A few weeks ago I participated in a lengthy discussion (on this thread:http://forum.kerbalspaceprogram.com/showthread.php/41209-How-salty-is-Laythe), about the salinity levels on Laythe. We wondered if we could come up with a conclusion based on the ability of Laythe's ocean to remain liquid despite the relatively low temperatures. We talked a lot, and many interesting points were made, but it became clear that we needed MOAR DATA! What exactly is the temperature, and where, and when? Thus began a multi-week mission I just completed successfully today.

The Mission:

hppyc.jpg

I built Pandora I, a deep space probe with 7 identical detachable probe landers. Each lander weighed less than a ton, was fitted with every scientific instrument available, a parachute, and about 1000 delta-v worth of thrust and fuel. The plan was to launch from Kerbin, do a fly-by of Duna where I could drop off the first pair of probes and then slingshot my way on to Jool.

wxvwn.jpg

I reached Duna easily and detached the first pair of probes. Using their rockets, one was aligned for a temperate intercept path, and another a polar intercept path. It took a number of save reloads to get them landed on Duna with the thin atmosphere and those spindly probe struts, but eventually I did get them both down safely, and returning data. As a bonus I flew by some sort of crazy Mt. Doom on Duna's north pole.

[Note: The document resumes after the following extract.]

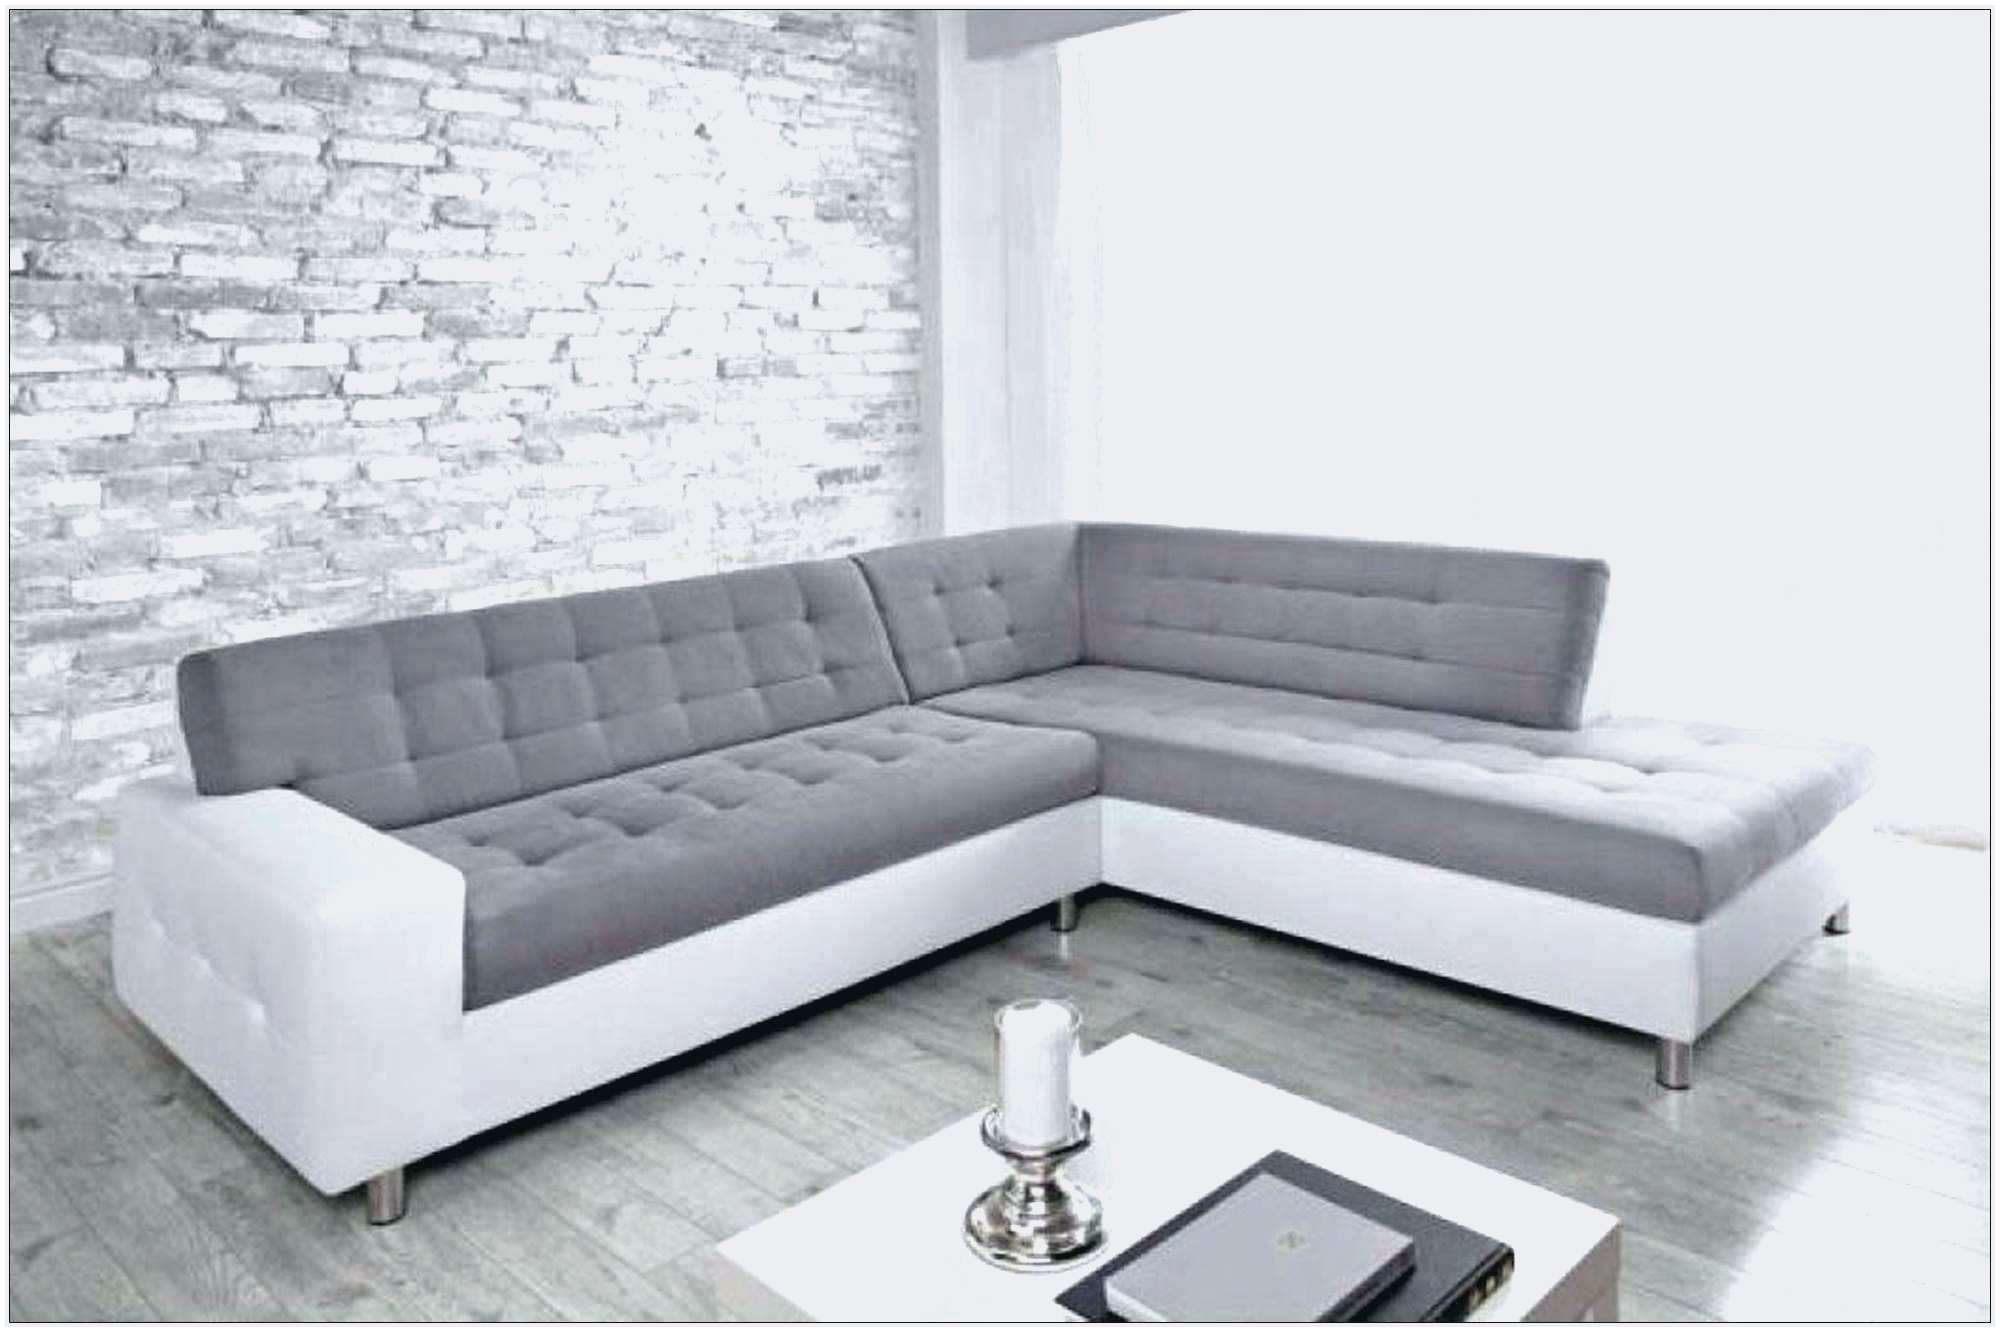 Ikea Canapé Blanc Convertible D Luxe Angle Lit Beau Joli

Now unfortunately my gravity slingshot was terrible, and I ran out of fuel trying to normalize my orbit around Jool. Mission aborted.

Pandora II featured slightly more fuel, a slightly lighter payload and somewhat better flying. It got depressing close to Laythe, but due to an eccentric orbit around Jool was unable to actually reach her SoC. Mission aborted.

Finally, Pandora III was launched, this time with twice the fuel. It attempted to slingshot around Eve, and dropped a couple of probes off on the way, which landed easily in the thick atmosphere. The slingshot was mediocre, basically just getting back the delta-v I lost going to Eve, but with the extra fuel I made it to Laythe, established a ~45° orbit, and began dropping off probes.

knbcr.jpg

The probe landings required some reloads again, but were all ultimately successful. Shifting Pandora III's orbit from 45° all the way to a polar orbit allowed me to establish landing sites at a variety of latitudes and altitudes around Laythe, both on the shoreline, and far inland (or as inland as you can get on Laythe). Also, I got one probe right on the little island in the middle of that huge impact crater. Effing A.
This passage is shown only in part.